TASK INSTRUCTIONS
Which lines of the entries below run from the one holding "The lodge at" to the one holding "From left are: Chief", inclusive? Set down exactly those lines and no others.

Top of SUPPLIED ENTRIES

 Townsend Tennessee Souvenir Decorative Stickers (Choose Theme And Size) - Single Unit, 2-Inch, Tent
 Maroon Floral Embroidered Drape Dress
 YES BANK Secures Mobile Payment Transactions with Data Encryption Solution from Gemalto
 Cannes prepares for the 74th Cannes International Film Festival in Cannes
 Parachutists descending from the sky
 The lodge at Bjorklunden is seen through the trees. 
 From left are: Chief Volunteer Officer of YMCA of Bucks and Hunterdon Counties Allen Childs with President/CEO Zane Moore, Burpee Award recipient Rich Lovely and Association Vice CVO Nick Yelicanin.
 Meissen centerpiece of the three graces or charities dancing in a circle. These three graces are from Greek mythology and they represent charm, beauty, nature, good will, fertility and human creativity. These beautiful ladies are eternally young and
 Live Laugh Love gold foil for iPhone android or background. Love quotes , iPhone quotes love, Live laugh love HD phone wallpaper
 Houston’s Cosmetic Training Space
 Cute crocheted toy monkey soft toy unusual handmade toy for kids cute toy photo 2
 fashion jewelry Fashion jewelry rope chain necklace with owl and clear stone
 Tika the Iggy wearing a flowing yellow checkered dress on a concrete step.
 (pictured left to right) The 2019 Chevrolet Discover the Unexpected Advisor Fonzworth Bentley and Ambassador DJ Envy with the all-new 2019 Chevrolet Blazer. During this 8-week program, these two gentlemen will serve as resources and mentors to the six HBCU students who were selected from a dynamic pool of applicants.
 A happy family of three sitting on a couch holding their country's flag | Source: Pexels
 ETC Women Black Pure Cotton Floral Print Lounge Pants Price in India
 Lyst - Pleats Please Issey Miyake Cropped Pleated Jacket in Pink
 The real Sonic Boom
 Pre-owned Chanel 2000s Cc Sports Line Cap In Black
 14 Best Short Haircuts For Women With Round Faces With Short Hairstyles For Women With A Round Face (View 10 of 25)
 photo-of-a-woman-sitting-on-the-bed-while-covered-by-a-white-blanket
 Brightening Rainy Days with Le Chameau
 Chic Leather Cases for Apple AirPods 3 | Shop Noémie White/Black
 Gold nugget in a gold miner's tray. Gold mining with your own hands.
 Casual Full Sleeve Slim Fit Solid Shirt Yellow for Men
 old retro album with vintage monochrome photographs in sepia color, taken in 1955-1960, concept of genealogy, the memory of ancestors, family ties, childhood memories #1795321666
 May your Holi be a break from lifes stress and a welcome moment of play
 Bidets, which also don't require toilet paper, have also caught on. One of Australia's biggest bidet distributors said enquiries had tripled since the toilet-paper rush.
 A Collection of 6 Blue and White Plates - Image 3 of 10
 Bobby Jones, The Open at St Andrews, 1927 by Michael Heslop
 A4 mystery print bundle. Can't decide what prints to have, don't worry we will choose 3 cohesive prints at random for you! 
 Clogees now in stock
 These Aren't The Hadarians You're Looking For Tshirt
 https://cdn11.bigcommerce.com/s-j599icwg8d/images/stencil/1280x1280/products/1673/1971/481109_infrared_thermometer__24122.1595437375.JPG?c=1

Bottom of SUPPLIED ENTRIES

RESULT
 The lodge at Bjorklunden is seen through the trees. 
 From left are: Chief Volunteer Officer of YMCA of Bucks and Hunterdon Counties Allen Childs with President/CEO Zane Moore, Burpee Award recipient Rich Lovely and Association Vice CVO Nick Yelicanin.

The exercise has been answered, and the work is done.